### WHAT TO PRODUCE
Pictures are to be omitted; everything else in the data must be transcribed exactly.

### DATA PROVIDED
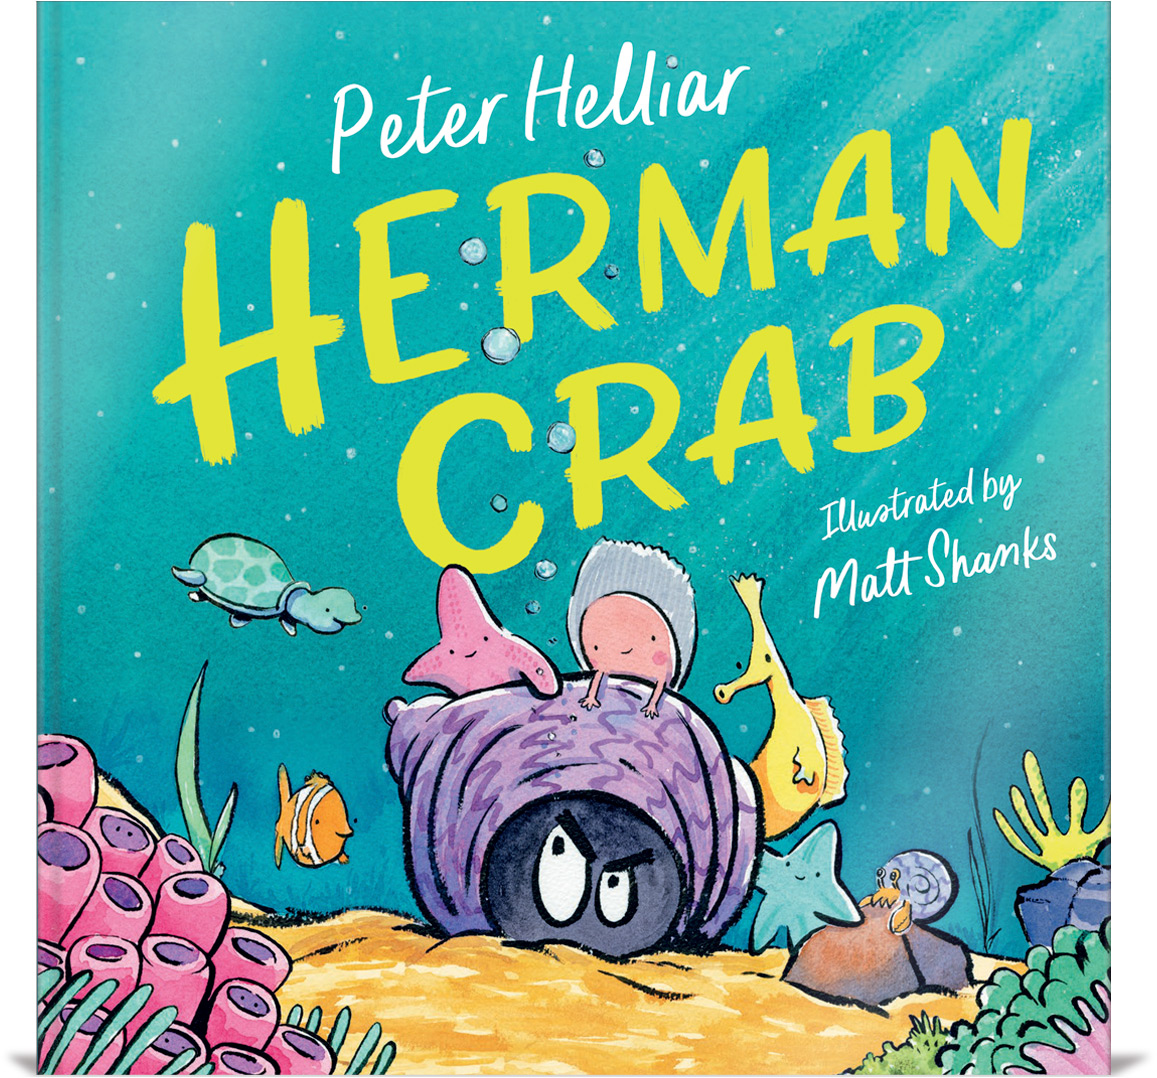 Picture book cover: Two angry hermit crab eyes peering out from within it's shell at a friendly starfish, seahorse, oyster, and other sea creatures
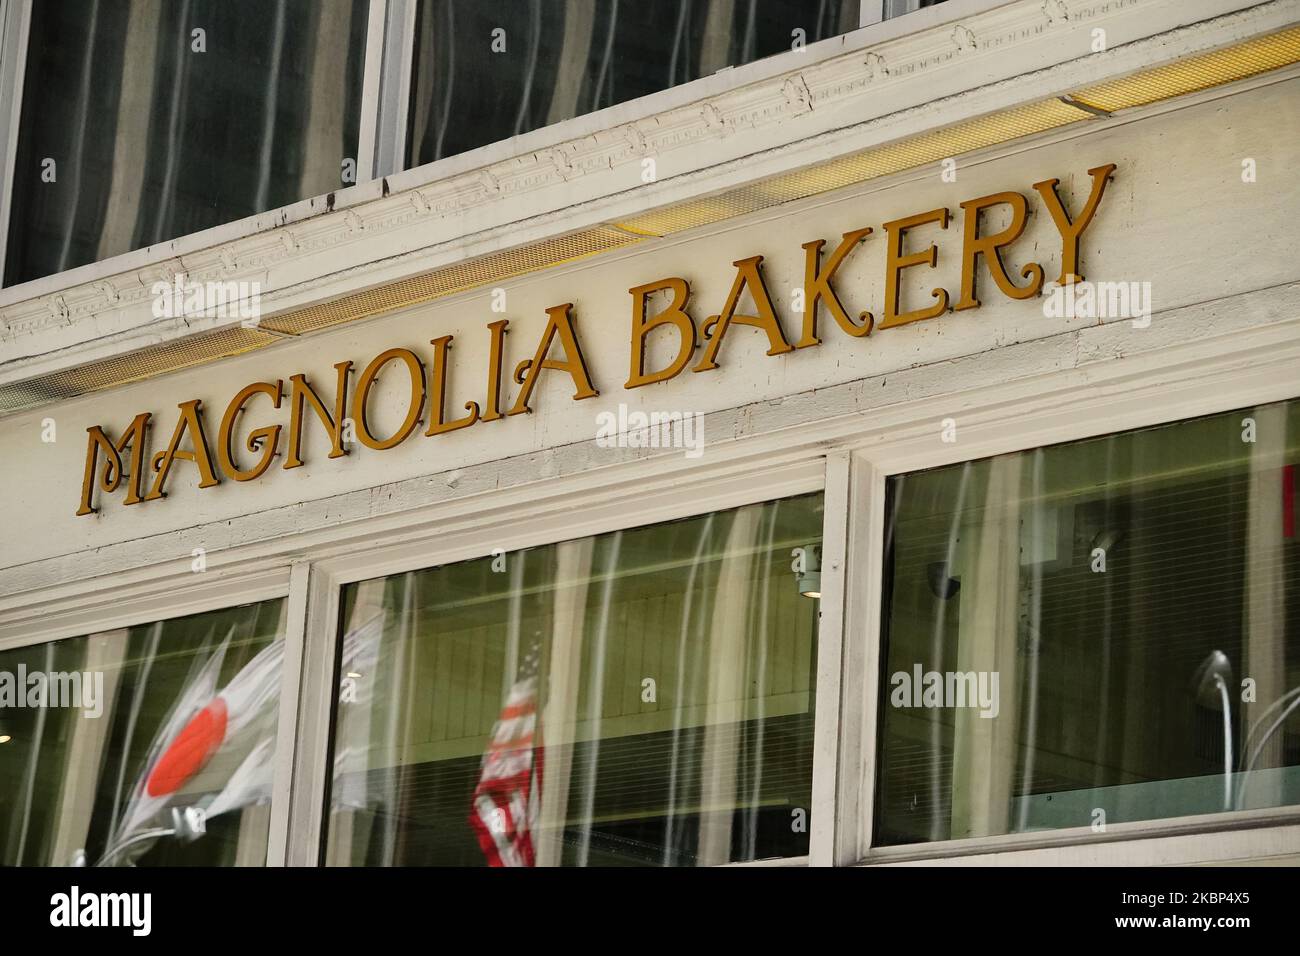 A view of Magnolia Bakery during the coronavirus pandemic on May 20, 2020 in Lincoln Center, New York City. COVID-19 has spread to most countries around the world, claiming over 316,000 lives with over 4.8 million infections reported. (Photo by John Nacion/NurPhoto) Stock Photo
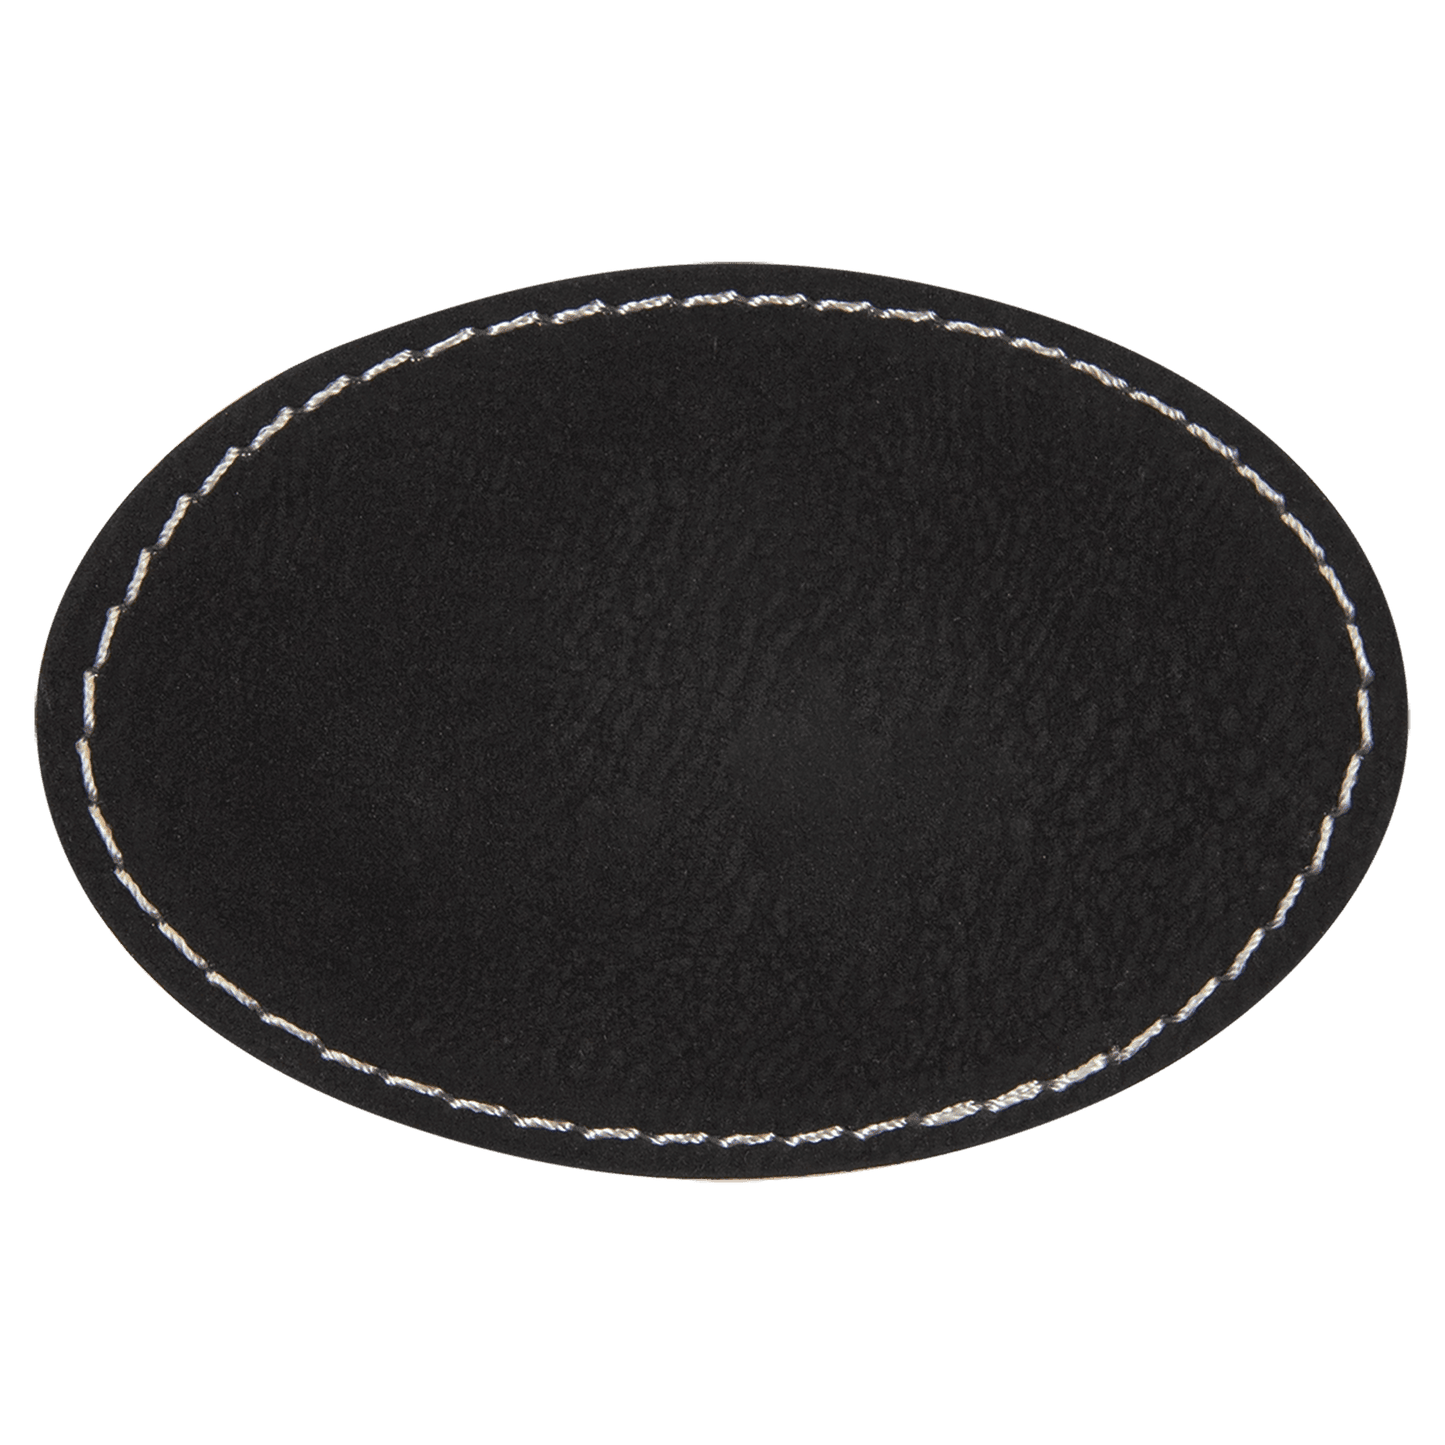 3" x 2" Oval Black Silver Laserable/DTF/UV DTF Leatherette Patch with Heat Adhesive
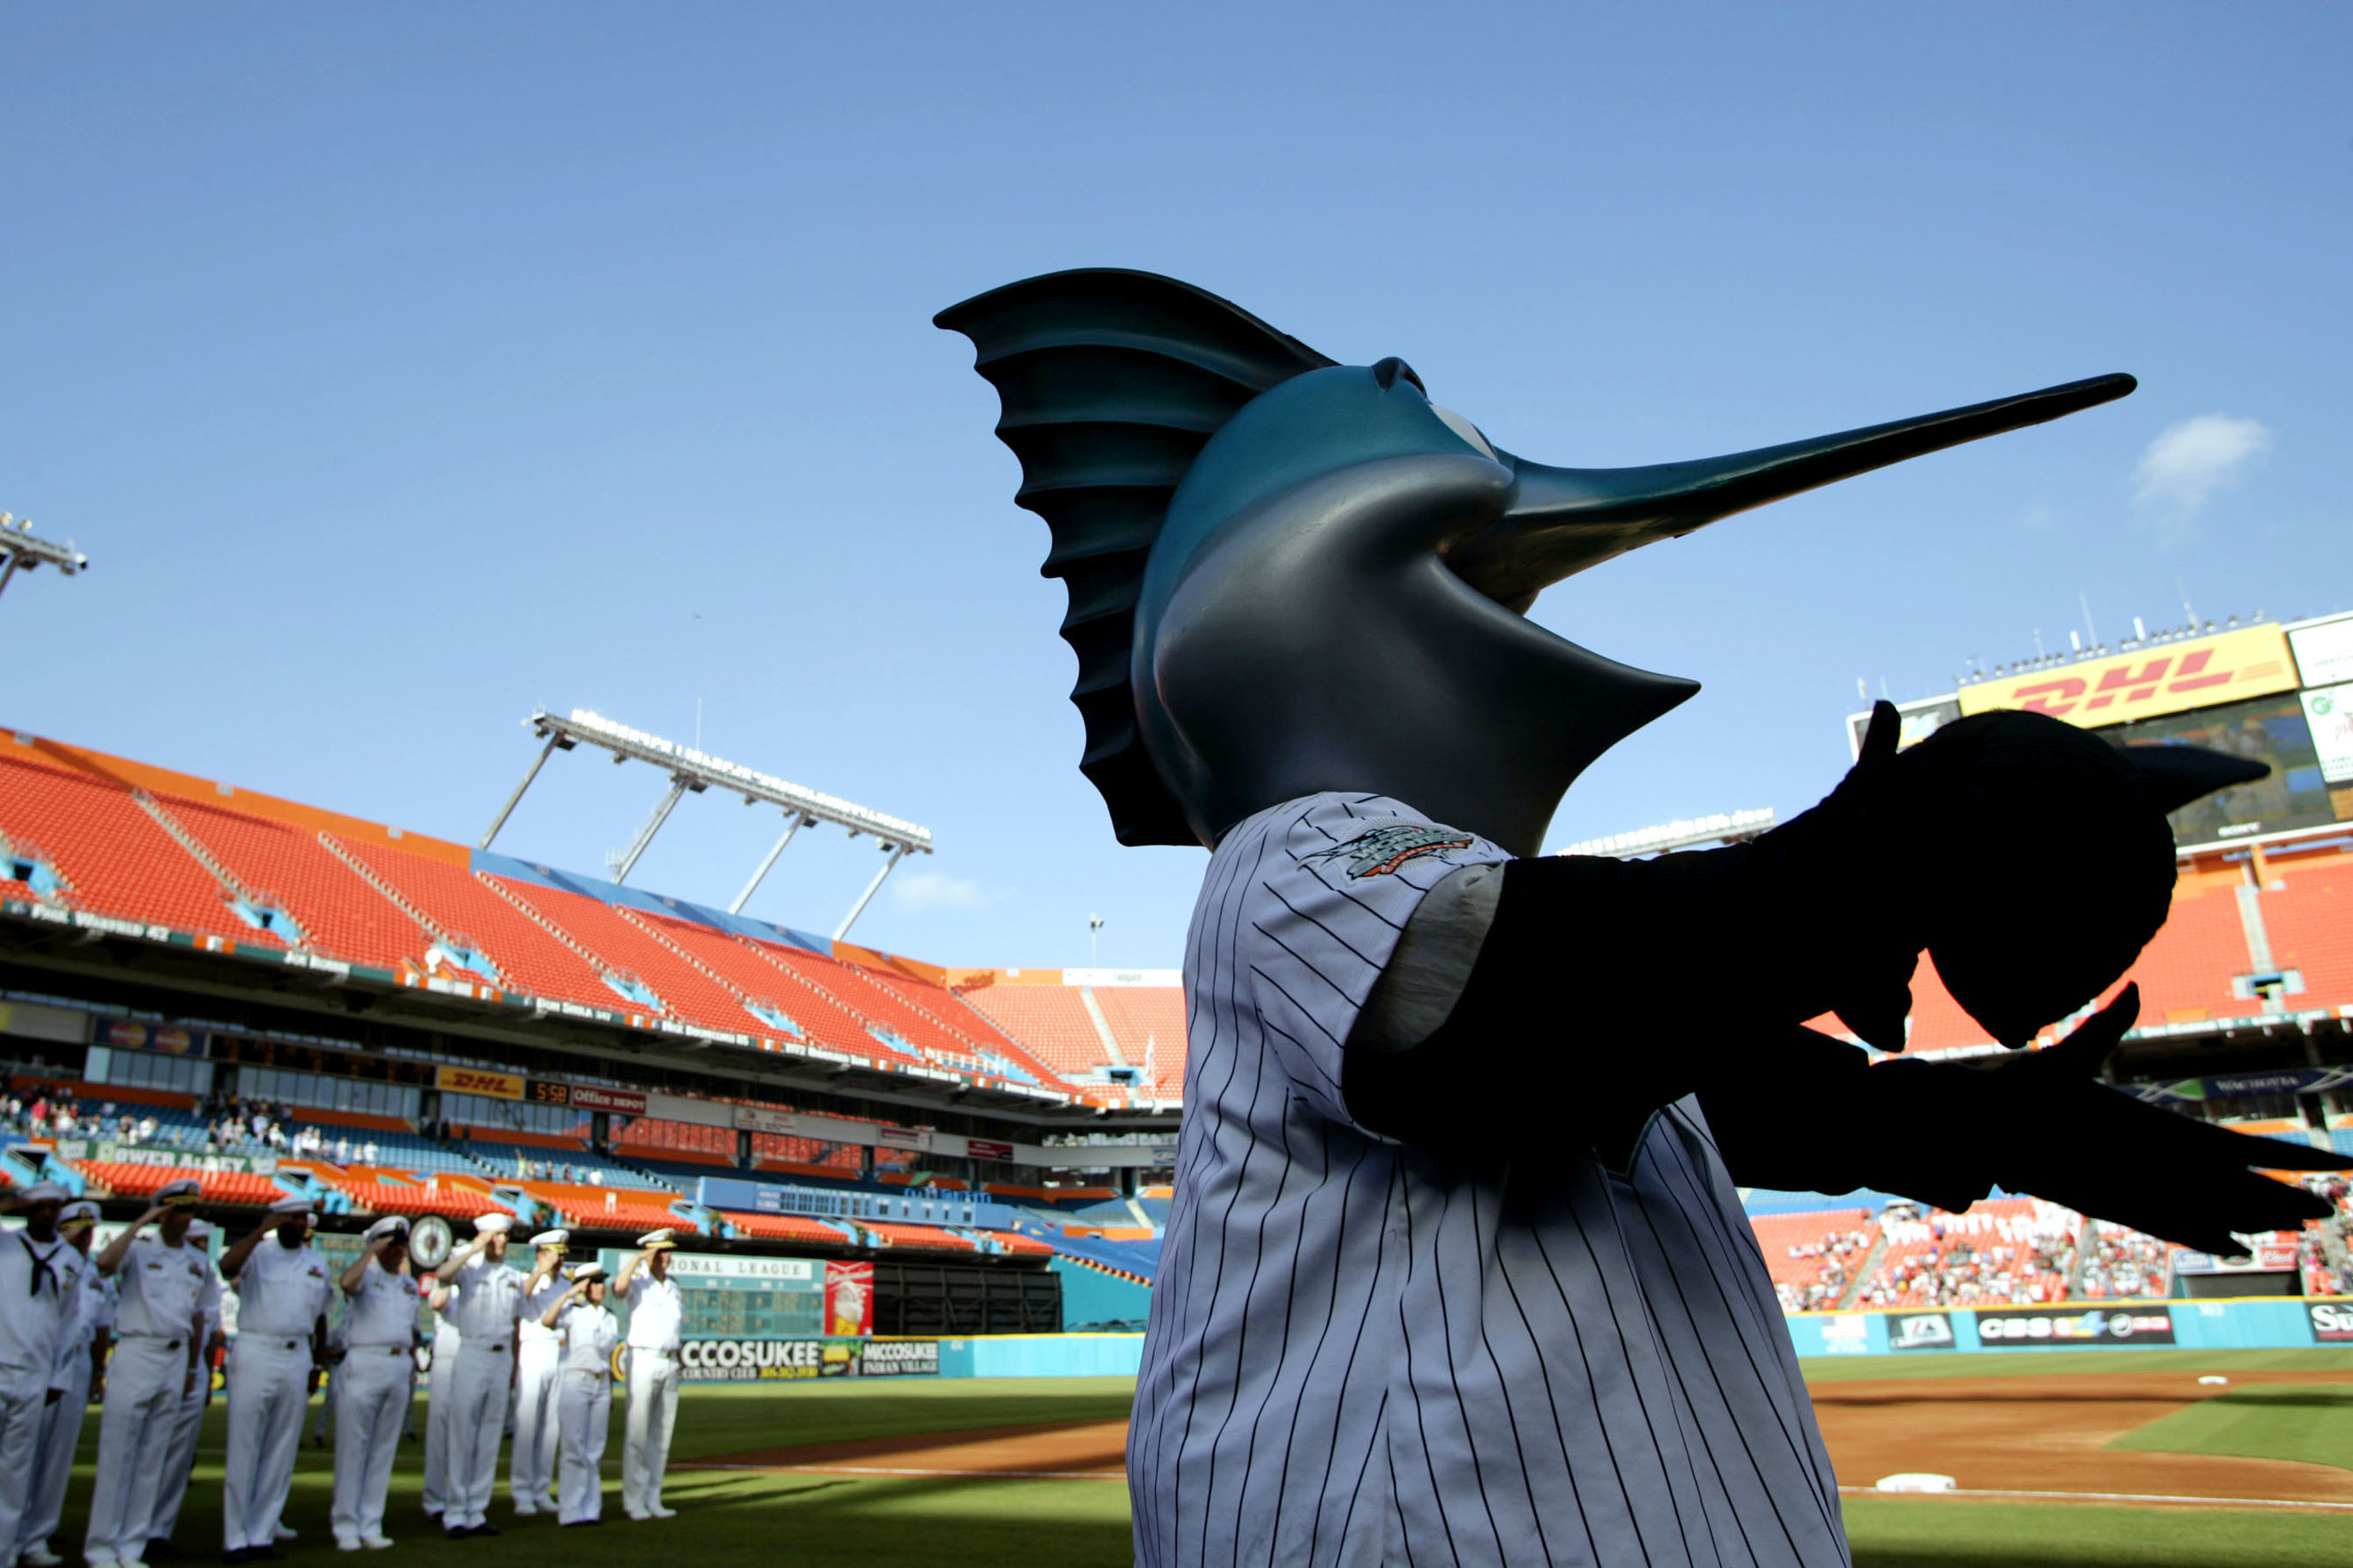 Miami Marlins on X: Flashback to the past. ✨ The Marlins will be

### RESULT
 Picture book cover: Two angry hermit crab eyes peering out from within it's shell at a friendly starfish, seahorse, oyster, and other sea creatures
 A view of Magnolia Bakery during the coronavirus pandemic on May 20, 2020 in Lincoln Center, New York City. COVID-19 has spread to most countries around the world, claiming over 316,000 lives with over 4.8 million infections reported. (Photo by John Nacion/NurPhoto) Stock Photo
 3" x 2" Oval Black Silver Laserable/DTF/UV DTF Leatherette Patch with Heat Adhesive
 Miami Marlins on X: Flashback to the past. ✨ The Marlins will be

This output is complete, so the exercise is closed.